What a loss to healthcare you will be. Thank you for all you have done and all you have tried to do! Have a look at http://www.patientsfirst.org….they too seems to be fighting for justice.
All best wishes to Sara and likewise I am so sorry for the loss of LB……such gross injustice! There are many “battling the bureaucrats” and the genie is now well and truly out of bottle!
Thank you, Dee, I really appreciate your comment. I am hoping I will have more of a voice through writing than I ever did as an NHS employee.
Why, oh why is the ‘accredited expertise’ of practitioners privileged over the ‘lived experience and expertise’ of parents? It’s time to stop sidelining those who know and love their children and want what is best for them.
Equally, it is time to stop sidelining individuals because they are seen as deficit in today’s society – just how boring would be a society made up of clones or Stepford Wives!
Couldnt agree more! I have been “a stakeholder” “an end user” “a depressive” (when I was seriously ill via misdiagnosis)….and this triggered my sons MH condition! Who listens to those that know and love their children. It takes courage to stand and speak and it also takes courage to sit and listen! Show some courage NHS!
What you’ve said about the notes sadly doesn’t surprise me.
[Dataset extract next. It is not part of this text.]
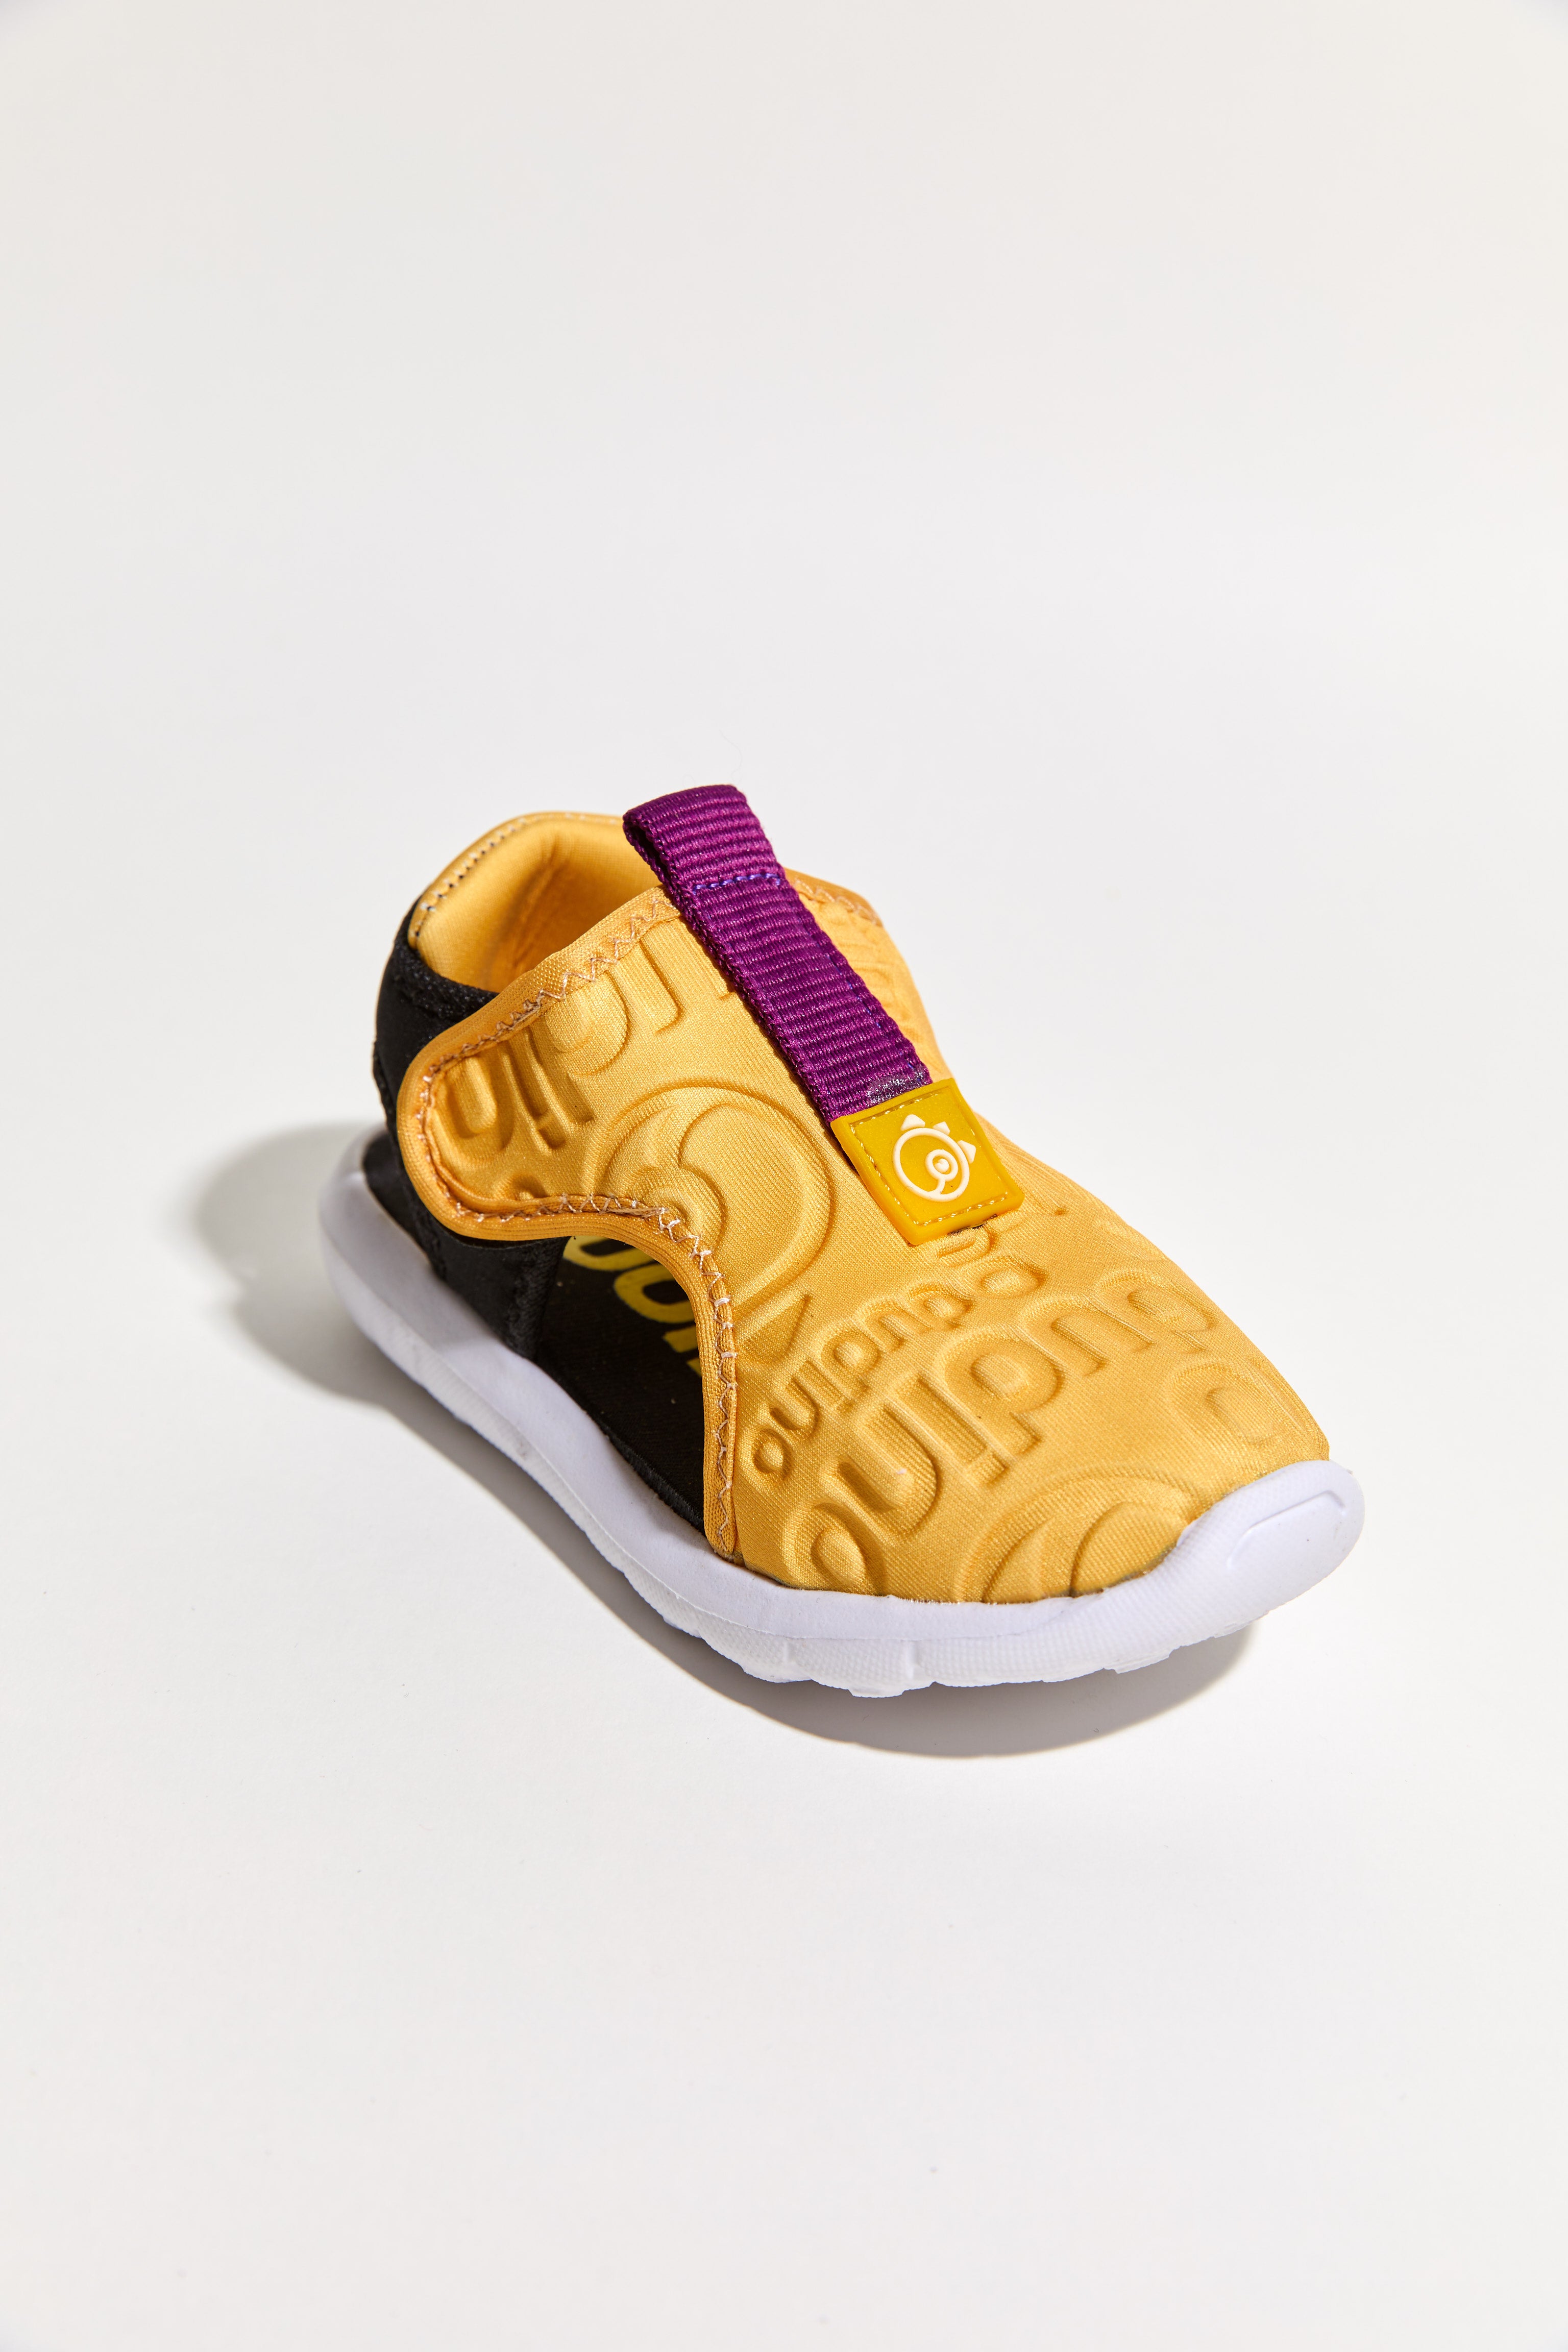 Shell Easy-Wear Kids Shoes

The notes written about my mum, when she was assessed for NHS funded care by social workers, were very similar and rather distressing to read. Most of the notes were not about her clinical needs (which they got woefully wrong, suggesting she had a mild stroke, as opposed to being in the advanced stages of progressive MS), rather about my Dads “Irish temper”, my mum’s “Irish temper” (she was in pain a lot so this was actually due to her condition!), our immorality (because we didn’t ‘want’ to look after her – actually having struggled alone for twenty years and being at the end of our tethers we did what you did and refused to have her discharged until a proper care plan was put in place), how we had and continued to neglect her…..you name it! It was all utter shite. Amazing that you can base life-changing decisions on this rubbish that can not be challenged as you know nothing about what is being documented until long after the fact (i.e. the consequences for us were the local authority trying to take our home away when my Dad died, the consequences for you much much more terrible). We did actually win a legal case firstly against the local authority to retain the house, then we took the PCT to court for the above. It turned out my mum was eligible for funded care all along and they had to pay everything back….and we were put through three years of hell for nothing. They never apologized though.
keep holding those thoughts of the real LB Sara, the LB who wasn’t a ‘patient’, ‘service user’ or ‘serious case review subject’. He was never theirs to label.